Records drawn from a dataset
+ + + + +

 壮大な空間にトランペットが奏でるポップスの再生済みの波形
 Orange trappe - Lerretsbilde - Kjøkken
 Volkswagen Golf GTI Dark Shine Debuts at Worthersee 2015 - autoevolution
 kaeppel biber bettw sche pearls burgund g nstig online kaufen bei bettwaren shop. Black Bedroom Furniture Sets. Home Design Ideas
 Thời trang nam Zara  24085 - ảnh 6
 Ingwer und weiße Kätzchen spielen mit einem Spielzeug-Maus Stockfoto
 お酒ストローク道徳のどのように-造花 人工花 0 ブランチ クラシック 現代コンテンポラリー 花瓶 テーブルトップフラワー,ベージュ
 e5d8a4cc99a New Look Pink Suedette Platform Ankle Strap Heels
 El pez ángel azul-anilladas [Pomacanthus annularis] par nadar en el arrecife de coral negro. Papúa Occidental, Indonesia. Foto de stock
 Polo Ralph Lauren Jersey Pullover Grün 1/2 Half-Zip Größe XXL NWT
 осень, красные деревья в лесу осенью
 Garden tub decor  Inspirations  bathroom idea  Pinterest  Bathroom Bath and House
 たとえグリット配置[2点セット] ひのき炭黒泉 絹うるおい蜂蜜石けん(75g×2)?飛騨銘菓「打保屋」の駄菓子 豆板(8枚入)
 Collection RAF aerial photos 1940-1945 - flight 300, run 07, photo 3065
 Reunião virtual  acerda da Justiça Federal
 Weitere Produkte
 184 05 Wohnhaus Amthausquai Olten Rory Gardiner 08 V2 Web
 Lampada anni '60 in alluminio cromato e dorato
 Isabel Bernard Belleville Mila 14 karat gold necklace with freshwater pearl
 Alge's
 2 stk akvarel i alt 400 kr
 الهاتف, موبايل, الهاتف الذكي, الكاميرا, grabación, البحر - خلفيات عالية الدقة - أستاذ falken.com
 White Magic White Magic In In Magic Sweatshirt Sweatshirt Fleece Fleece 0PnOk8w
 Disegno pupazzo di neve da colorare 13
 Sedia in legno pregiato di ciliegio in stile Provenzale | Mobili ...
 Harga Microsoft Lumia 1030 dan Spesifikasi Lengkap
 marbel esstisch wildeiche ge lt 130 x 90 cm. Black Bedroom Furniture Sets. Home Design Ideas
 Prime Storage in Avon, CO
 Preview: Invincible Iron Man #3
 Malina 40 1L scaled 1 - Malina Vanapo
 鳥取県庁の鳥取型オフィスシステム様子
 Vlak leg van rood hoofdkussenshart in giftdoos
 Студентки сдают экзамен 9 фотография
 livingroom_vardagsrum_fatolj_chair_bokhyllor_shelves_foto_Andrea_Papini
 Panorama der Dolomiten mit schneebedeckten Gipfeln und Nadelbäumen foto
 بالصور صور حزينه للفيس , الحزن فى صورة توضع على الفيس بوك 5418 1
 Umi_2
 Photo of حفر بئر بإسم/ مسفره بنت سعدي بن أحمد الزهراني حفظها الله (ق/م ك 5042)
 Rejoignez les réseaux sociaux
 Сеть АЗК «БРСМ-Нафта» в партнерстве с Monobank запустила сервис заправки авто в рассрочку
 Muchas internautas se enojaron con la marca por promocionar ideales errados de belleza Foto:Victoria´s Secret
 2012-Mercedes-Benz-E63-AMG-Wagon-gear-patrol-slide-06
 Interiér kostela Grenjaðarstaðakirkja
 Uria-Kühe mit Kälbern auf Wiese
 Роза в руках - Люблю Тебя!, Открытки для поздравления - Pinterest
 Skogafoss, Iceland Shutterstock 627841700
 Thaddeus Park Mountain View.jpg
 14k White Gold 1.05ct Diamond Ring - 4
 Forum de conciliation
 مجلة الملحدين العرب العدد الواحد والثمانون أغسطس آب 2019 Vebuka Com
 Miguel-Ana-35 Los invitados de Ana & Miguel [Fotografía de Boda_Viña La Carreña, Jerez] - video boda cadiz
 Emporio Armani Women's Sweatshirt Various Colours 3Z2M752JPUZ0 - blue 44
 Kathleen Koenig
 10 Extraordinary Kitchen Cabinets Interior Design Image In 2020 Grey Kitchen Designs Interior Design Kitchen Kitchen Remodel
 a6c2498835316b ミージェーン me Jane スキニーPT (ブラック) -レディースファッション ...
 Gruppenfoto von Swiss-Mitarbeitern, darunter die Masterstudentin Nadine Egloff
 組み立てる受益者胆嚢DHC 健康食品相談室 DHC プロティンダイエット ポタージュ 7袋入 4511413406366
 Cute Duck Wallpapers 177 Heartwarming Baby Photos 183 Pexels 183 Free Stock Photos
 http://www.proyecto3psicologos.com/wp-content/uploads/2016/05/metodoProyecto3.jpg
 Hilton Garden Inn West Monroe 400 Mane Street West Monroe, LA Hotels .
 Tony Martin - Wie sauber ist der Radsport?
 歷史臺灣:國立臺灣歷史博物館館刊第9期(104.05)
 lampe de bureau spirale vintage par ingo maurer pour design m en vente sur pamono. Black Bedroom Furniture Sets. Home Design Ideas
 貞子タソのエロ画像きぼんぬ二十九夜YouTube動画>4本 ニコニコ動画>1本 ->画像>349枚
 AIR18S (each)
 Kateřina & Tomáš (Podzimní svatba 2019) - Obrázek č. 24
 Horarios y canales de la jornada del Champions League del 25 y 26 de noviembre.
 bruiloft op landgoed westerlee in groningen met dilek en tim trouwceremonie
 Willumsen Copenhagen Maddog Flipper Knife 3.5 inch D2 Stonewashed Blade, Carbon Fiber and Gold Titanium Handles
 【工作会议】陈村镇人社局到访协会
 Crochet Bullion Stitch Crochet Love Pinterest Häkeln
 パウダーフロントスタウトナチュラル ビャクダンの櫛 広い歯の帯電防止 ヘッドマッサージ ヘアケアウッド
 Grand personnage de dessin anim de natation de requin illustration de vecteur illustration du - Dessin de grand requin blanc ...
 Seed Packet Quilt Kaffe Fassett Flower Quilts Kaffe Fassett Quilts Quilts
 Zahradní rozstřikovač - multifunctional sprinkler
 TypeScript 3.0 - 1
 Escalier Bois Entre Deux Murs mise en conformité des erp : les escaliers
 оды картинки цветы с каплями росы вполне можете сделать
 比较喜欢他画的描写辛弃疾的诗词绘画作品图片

+ + + + +

*Activity:*
Give the data again, exactly as it stands.

*Answer box:*
 壮大な空間にトランペットが奏でるポップスの再生済みの波形
 Orange trappe - Lerretsbilde - Kjøkken
 Volkswagen Golf GTI Dark Shine Debuts at Worthersee 2015 - autoevolution
 kaeppel biber bettw sche pearls burgund g nstig online kaufen bei bettwaren shop. Black Bedroom Furniture Sets. Home Design Ideas
 Thời trang nam Zara  24085 - ảnh 6
 Ingwer und weiße Kätzchen spielen mit einem Spielzeug-Maus Stockfoto
 お酒ストローク道徳のどのように-造花 人工花 0 ブランチ クラシック 現代コンテンポラリー 花瓶 テーブルトップフラワー,ベージュ
 e5d8a4cc99a New Look Pink Suedette Platform Ankle Strap Heels
 El pez ángel azul-anilladas [Pomacanthus annularis] par nadar en el arrecife de coral negro. Papúa Occidental, Indonesia. Foto de stock
 Polo Ralph Lauren Jersey Pullover Grün 1/2 Half-Zip Größe XXL NWT
 осень, красные деревья в лесу осенью
 Garden tub decor  Inspirations  bathroom idea  Pinterest  Bathroom Bath and House
 たとえグリット配置[2点セット] ひのき炭黒泉 絹うるおい蜂蜜石けん(75g×2)?飛騨銘菓「打保屋」の駄菓子 豆板(8枚入)
 Collection RAF aerial photos 1940-1945 - flight 300, run 07, photo 3065
 Reunião virtual  acerda da Justiça Federal
 Weitere Produkte
 184 05 Wohnhaus Amthausquai Olten Rory Gardiner 08 V2 Web
 Lampada anni '60 in alluminio cromato e dorato
 Isabel Bernard Belleville Mila 14 karat gold necklace with freshwater pearl
 Alge's
 2 stk akvarel i alt 400 kr
 الهاتف, موبايل, الهاتف الذكي, الكاميرا, grabación, البحر - خلفيات عالية الدقة - أستاذ falken.com
 White Magic White Magic In In Magic Sweatshirt Sweatshirt Fleece Fleece 0PnOk8w
 Disegno pupazzo di neve da colorare 13
 Sedia in legno pregiato di ciliegio in stile Provenzale | Mobili ...
 Harga Microsoft Lumia 1030 dan Spesifikasi Lengkap
 marbel esstisch wildeiche ge lt 130 x 90 cm. Black Bedroom Furniture Sets. Home Design Ideas
 Prime Storage in Avon, CO
 Preview: Invincible Iron Man #3
 Malina 40 1L scaled 1 - Malina Vanapo
 鳥取県庁の鳥取型オフィスシステム様子
 Vlak leg van rood hoofdkussenshart in giftdoos
 Студентки сдают экзамен 9 фотография
 livingroom_vardagsrum_fatolj_chair_bokhyllor_shelves_foto_Andrea_Papini
 Panorama der Dolomiten mit schneebedeckten Gipfeln und Nadelbäumen foto
 بالصور صور حزينه للفيس , الحزن فى صورة توضع على الفيس بوك 5418 1
 Umi_2
 Photo of حفر بئر بإسم/ مسفره بنت سعدي بن أحمد الزهراني حفظها الله (ق/م ك 5042)
 Rejoignez les réseaux sociaux
 Сеть АЗК «БРСМ-Нафта» в партнерстве с Monobank запустила сервис заправки авто в рассрочку
 Muchas internautas se enojaron con la marca por promocionar ideales errados de belleza Foto:Victoria´s Secret
 2012-Mercedes-Benz-E63-AMG-Wagon-gear-patrol-slide-06
 Interiér kostela Grenjaðarstaðakirkja
 Uria-Kühe mit Kälbern auf Wiese
 Роза в руках - Люблю Тебя!, Открытки для поздравления - Pinterest
 Skogafoss, Iceland Shutterstock 627841700
 Thaddeus Park Mountain View.jpg
 14k White Gold 1.05ct Diamond Ring - 4
 Forum de conciliation
 مجلة الملحدين العرب العدد الواحد والثمانون أغسطس آب 2019 Vebuka Com
 Miguel-Ana-35 Los invitados de Ana & Miguel [Fotografía de Boda_Viña La Carreña, Jerez] - video boda cadiz
 Emporio Armani Women's Sweatshirt Various Colours 3Z2M752JPUZ0 - blue 44
 Kathleen Koenig
 10 Extraordinary Kitchen Cabinets Interior Design Image In 2020 Grey Kitchen Designs Interior Design Kitchen Kitchen Remodel
 a6c2498835316b ミージェーン me Jane スキニーPT (ブラック) -レディースファッション ...
 Gruppenfoto von Swiss-Mitarbeitern, darunter die Masterstudentin Nadine Egloff
 組み立てる受益者胆嚢DHC 健康食品相談室 DHC プロティンダイエット ポタージュ 7袋入 4511413406366
 Cute Duck Wallpapers 177 Heartwarming Baby Photos 183 Pexels 183 Free Stock Photos
 http://www.proyecto3psicologos.com/wp-content/uploads/2016/05/metodoProyecto3.jpg
 Hilton Garden Inn West Monroe 400 Mane Street West Monroe, LA Hotels .
 Tony Martin - Wie sauber ist der Radsport?
 歷史臺灣:國立臺灣歷史博物館館刊第9期(104.05)
 lampe de bureau spirale vintage par ingo maurer pour design m en vente sur pamono. Black Bedroom Furniture Sets. Home Design Ideas
 貞子タソのエロ画像きぼんぬ二十九夜YouTube動画>4本 ニコニコ動画>1本 ->画像>349枚
 AIR18S (each)
 Kateřina & Tomáš (Podzimní svatba 2019) - Obrázek č. 24
 Horarios y canales de la jornada del Champions League del 25 y 26 de noviembre.
 bruiloft op landgoed westerlee in groningen met dilek en tim trouwceremonie
 Willumsen Copenhagen Maddog Flipper Knife 3.5 inch D2 Stonewashed Blade, Carbon Fiber and Gold Titanium Handles
 【工作会议】陈村镇人社局到访协会
 Crochet Bullion Stitch Crochet Love Pinterest Häkeln
 パウダーフロントスタウトナチュラル ビャクダンの櫛 広い歯の帯電防止 ヘッドマッサージ ヘアケアウッド
 Grand personnage de dessin anim de natation de requin illustration de vecteur illustration du - Dessin de grand requin blanc ...
 Seed Packet Quilt Kaffe Fassett Flower Quilts Kaffe Fassett Quilts Quilts
 Zahradní rozstřikovač - multifunctional sprinkler
 TypeScript 3.0 - 1
 Escalier Bois Entre Deux Murs mise en conformité des erp : les escaliers
 оды картинки цветы с каплями росы вполне можете сделать
 比较喜欢他画的描写辛弃疾的诗词绘画作品图片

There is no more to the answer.